Revving up seduction mode, the teacher inched closer. "Aren't you at least curious about intimacy with another woman? You can tell me. The Reverend Lovejoy will never know."
"It's Smithy! Curious or not, homosexuality is a sin!"
"So is murder but everyone does it, " the teacher replied skillfully.
"You never took any logic classes did you?"
"The only logic I need was gleaned from the wonderful Leonard Nimoy. Besides, read the eleven commandments. Nowhere does it say, 'Thou shall not perform or receive cunnilingus .' Seriously, what do you have to lose?"
"My soul," Mrs. Smith replied sadly.
"Actually, I had something more tangible in mind," teach clarified. "We can be patient. I won't rush you like a bat out of hell."
"Meatloaf?"
"No thank you, I had Vienna sausages earlier. But enough talk about fine food, be honest, this conversation has you horny, doesn't it? Go on, my child, confession is good for the soul I hear."
Mrs, Smithy covered her ears and began chanting in tongues. "Oh, please don't use that vile word!"
"Confession?"
"No, 'horny. The devil has horns, you wicked temptress."
"He has a pitchfork too like Eddie Albert on 'Green Acres' but not even Billy Graham ever accused that show of Devil worship."
"Well, I suppose it would be nice to have a girlfriend to discuss secular topics with. Like, every few weeks I get terrible itching between my toes.

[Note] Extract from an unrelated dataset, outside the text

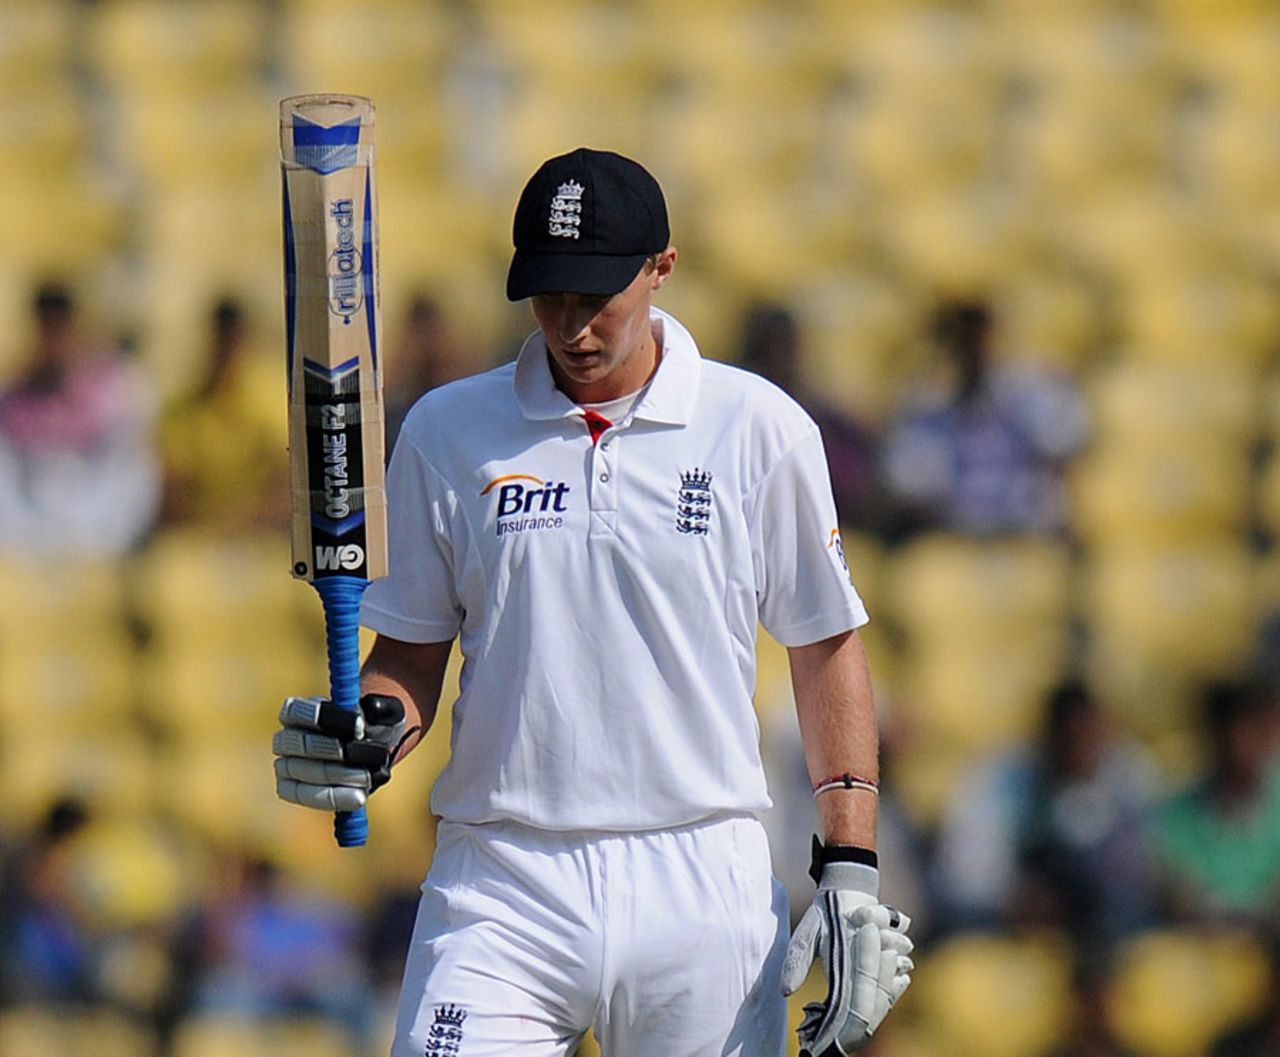 Joe Root acknowledges his debut fifty, India v England, 4th Test, Nagpur, 2nd day, December 14, 2012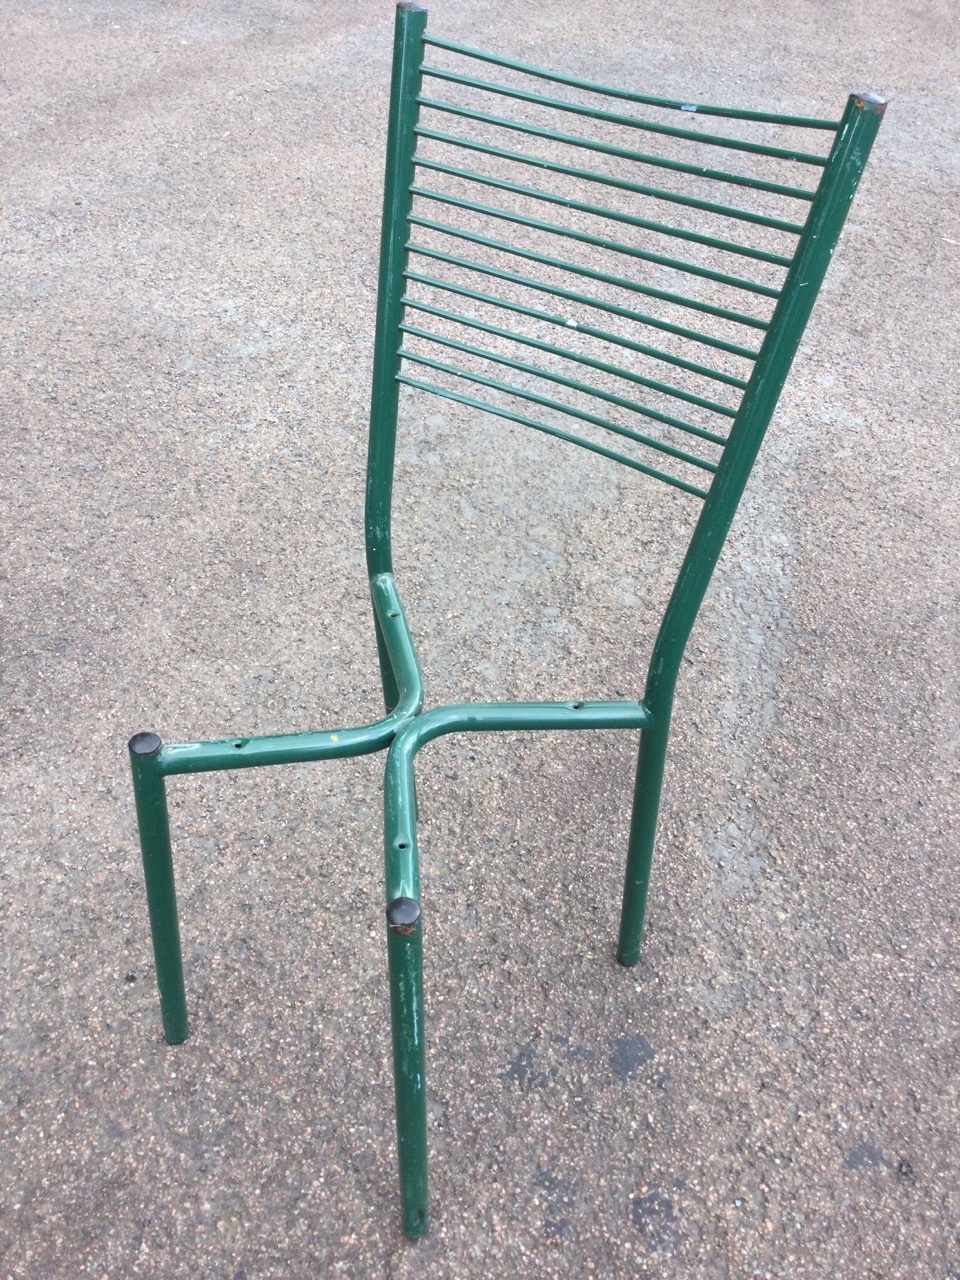 A set of four tubular metal chairs with tapering ribbed ladder backs - lacking seats. (4) - Image 3 of 3

Do you?"
"No. I've got 99 problems but an itch ain't one." Even the well-hung snowman could be heard booing. Unless he was saying "Bruce."
The teacher then took her victim of prey by the arm and escorted her up the hill. Mrs. Smithy felt as if she was walking the 'Green Mile' but with the compassionate Tom Hanks nowhere in sight for salvation. The winter storm continued to rage around the shivering women. Sitting on a curb was a huge, slobbering St. Bernard with a small brandy keg beneath its neck. Next to him was a sign stating five dollars a shot. "Would you like a drink, neighbor? My treat to warm you up and ease inhibitions."